Start of Information
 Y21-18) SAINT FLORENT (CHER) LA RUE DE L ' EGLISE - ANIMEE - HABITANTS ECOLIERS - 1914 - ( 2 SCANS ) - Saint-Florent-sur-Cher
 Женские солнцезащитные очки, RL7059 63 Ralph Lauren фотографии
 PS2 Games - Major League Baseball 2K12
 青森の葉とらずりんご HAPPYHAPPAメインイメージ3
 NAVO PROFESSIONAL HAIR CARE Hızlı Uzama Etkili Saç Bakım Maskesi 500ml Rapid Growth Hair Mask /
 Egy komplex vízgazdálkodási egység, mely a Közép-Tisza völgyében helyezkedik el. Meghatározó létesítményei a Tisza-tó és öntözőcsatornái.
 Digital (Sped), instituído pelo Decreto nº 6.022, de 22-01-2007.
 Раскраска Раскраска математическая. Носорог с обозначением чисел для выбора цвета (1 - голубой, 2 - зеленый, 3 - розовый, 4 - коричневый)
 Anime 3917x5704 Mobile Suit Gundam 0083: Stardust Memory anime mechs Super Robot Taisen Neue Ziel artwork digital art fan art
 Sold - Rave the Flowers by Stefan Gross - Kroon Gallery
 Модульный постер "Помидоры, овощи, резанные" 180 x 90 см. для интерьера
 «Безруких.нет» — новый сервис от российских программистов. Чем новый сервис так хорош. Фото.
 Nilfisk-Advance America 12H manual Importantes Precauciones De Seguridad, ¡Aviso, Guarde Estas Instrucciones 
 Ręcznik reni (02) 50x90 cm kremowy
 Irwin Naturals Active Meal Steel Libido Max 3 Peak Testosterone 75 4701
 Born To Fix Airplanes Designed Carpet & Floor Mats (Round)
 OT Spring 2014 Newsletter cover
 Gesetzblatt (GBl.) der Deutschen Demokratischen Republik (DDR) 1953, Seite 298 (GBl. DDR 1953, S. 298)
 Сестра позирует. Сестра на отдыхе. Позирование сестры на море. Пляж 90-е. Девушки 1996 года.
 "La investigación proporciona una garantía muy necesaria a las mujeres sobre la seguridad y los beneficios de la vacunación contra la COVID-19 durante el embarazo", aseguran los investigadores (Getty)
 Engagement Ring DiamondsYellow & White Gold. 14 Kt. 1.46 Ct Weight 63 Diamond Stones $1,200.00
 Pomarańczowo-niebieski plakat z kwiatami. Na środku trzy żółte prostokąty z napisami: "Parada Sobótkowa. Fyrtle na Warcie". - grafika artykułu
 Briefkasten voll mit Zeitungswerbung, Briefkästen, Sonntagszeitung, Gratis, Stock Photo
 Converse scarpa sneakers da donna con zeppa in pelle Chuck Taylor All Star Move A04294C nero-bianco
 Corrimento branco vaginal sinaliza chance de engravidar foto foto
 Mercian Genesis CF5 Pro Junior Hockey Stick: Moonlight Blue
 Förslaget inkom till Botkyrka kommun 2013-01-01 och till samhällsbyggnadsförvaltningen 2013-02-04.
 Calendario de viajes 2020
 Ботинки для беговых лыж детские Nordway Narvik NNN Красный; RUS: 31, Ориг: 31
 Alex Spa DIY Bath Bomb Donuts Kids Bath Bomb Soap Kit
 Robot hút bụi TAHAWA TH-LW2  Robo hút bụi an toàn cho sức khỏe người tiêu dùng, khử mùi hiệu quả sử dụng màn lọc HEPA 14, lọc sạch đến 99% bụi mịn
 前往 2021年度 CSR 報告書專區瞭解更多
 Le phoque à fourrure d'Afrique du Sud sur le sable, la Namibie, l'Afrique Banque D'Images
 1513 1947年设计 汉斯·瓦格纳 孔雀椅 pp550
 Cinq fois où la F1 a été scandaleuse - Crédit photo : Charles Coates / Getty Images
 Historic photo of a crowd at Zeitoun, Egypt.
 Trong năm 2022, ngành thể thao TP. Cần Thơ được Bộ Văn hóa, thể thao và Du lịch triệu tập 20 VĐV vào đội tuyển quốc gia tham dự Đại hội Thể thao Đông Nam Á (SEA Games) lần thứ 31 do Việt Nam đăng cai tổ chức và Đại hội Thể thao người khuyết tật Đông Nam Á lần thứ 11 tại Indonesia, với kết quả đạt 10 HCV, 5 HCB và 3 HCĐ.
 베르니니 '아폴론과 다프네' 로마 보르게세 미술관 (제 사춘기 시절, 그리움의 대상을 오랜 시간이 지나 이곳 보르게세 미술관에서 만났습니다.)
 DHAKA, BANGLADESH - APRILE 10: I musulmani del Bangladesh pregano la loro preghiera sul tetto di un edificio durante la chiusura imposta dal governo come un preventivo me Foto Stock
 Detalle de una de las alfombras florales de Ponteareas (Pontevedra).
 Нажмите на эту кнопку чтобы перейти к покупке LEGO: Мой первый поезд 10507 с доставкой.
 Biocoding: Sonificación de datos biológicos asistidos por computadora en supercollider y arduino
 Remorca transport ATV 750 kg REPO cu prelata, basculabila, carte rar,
End of Information
Please print each entry once more, exactly as it reads.

 Y21-18) SAINT FLORENT (CHER) LA RUE DE L ' EGLISE - ANIMEE - HABITANTS ECOLIERS - 1914 - ( 2 SCANS ) - Saint-Florent-sur-Cher
 Женские солнцезащитные очки, RL7059 63 Ralph Lauren фотографии
 PS2 Games - Major League Baseball 2K12
 青森の葉とらずりんご HAPPYHAPPAメインイメージ3
 NAVO PROFESSIONAL HAIR CARE Hızlı Uzama Etkili Saç Bakım Maskesi 500ml Rapid Growth Hair Mask /
 Egy komplex vízgazdálkodási egység, mely a Közép-Tisza völgyében helyezkedik el. Meghatározó létesítményei a Tisza-tó és öntözőcsatornái.
 Digital (Sped), instituído pelo Decreto nº 6.022, de 22-01-2007.
 Раскраска Раскраска математическая. Носорог с обозначением чисел для выбора цвета (1 - голубой, 2 - зеленый, 3 - розовый, 4 - коричневый)
 Anime 3917x5704 Mobile Suit Gundam 0083: Stardust Memory anime mechs Super Robot Taisen Neue Ziel artwork digital art fan art
 Sold - Rave the Flowers by Stefan Gross - Kroon Gallery
 Модульный постер "Помидоры, овощи, резанные" 180 x 90 см. для интерьера
 «Безруких.нет» — новый сервис от российских программистов. Чем новый сервис так хорош. Фото.
 Nilfisk-Advance America 12H manual Importantes Precauciones De Seguridad, ¡Aviso, Guarde Estas Instrucciones 
 Ręcznik reni (02) 50x90 cm kremowy
 Irwin Naturals Active Meal Steel Libido Max 3 Peak Testosterone 75 4701
 Born To Fix Airplanes Designed Carpet & Floor Mats (Round)
 OT Spring 2014 Newsletter cover
 Gesetzblatt (GBl.) der Deutschen Demokratischen Republik (DDR) 1953, Seite 298 (GBl. DDR 1953, S. 298)
 Сестра позирует. Сестра на отдыхе. Позирование сестры на море. Пляж 90-е. Девушки 1996 года.
 "La investigación proporciona una garantía muy necesaria a las mujeres sobre la seguridad y los beneficios de la vacunación contra la COVID-19 durante el embarazo", aseguran los investigadores (Getty)
 Engagement Ring DiamondsYellow & White Gold. 14 Kt. 1.46 Ct Weight 63 Diamond Stones $1,200.00
 Pomarańczowo-niebieski plakat z kwiatami. Na środku trzy żółte prostokąty z napisami: "Parada Sobótkowa. Fyrtle na Warcie". - grafika artykułu
 Briefkasten voll mit Zeitungswerbung, Briefkästen, Sonntagszeitung, Gratis, Stock Photo
 Converse scarpa sneakers da donna con zeppa in pelle Chuck Taylor All Star Move A04294C nero-bianco
 Corrimento branco vaginal sinaliza chance de engravidar foto foto
 Mercian Genesis CF5 Pro Junior Hockey Stick: Moonlight Blue
 Förslaget inkom till Botkyrka kommun 2013-01-01 och till samhällsbyggnadsförvaltningen 2013-02-04.
 Calendario de viajes 2020
 Ботинки для беговых лыж детские Nordway Narvik NNN Красный; RUS: 31, Ориг: 31
 Alex Spa DIY Bath Bomb Donuts Kids Bath Bomb Soap Kit
 Robot hút bụi TAHAWA TH-LW2  Robo hút bụi an toàn cho sức khỏe người tiêu dùng, khử mùi hiệu quả sử dụng màn lọc HEPA 14, lọc sạch đến 99% bụi mịn
 前往 2021年度 CSR 報告書專區瞭解更多
 Le phoque à fourrure d'Afrique du Sud sur le sable, la Namibie, l'Afrique Banque D'Images
 1513 1947年设计 汉斯·瓦格纳 孔雀椅 pp550
 Cinq fois où la F1 a été scandaleuse - Crédit photo : Charles Coates / Getty Images
 Historic photo of a crowd at Zeitoun, Egypt.
 Trong năm 2022, ngành thể thao TP. Cần Thơ được Bộ Văn hóa, thể thao và Du lịch triệu tập 20 VĐV vào đội tuyển quốc gia tham dự Đại hội Thể thao Đông Nam Á (SEA Games) lần thứ 31 do Việt Nam đăng cai tổ chức và Đại hội Thể thao người khuyết tật Đông Nam Á lần thứ 11 tại Indonesia, với kết quả đạt 10 HCV, 5 HCB và 3 HCĐ.
 베르니니 '아폴론과 다프네' 로마 보르게세 미술관 (제 사춘기 시절, 그리움의 대상을 오랜 시간이 지나 이곳 보르게세 미술관에서 만났습니다.)
 DHAKA, BANGLADESH - APRILE 10: I musulmani del Bangladesh pregano la loro preghiera sul tetto di un edificio durante la chiusura imposta dal governo come un preventivo me Foto Stock
 Detalle de una de las alfombras florales de Ponteareas (Pontevedra).
 Нажмите на эту кнопку чтобы перейти к покупке LEGO: Мой первый поезд 10507 с доставкой.
 Biocoding: Sonificación de datos biológicos asistidos por computadora en supercollider y arduino
 Remorca transport ATV 750 kg REPO cu prelata, basculabila, carte rar,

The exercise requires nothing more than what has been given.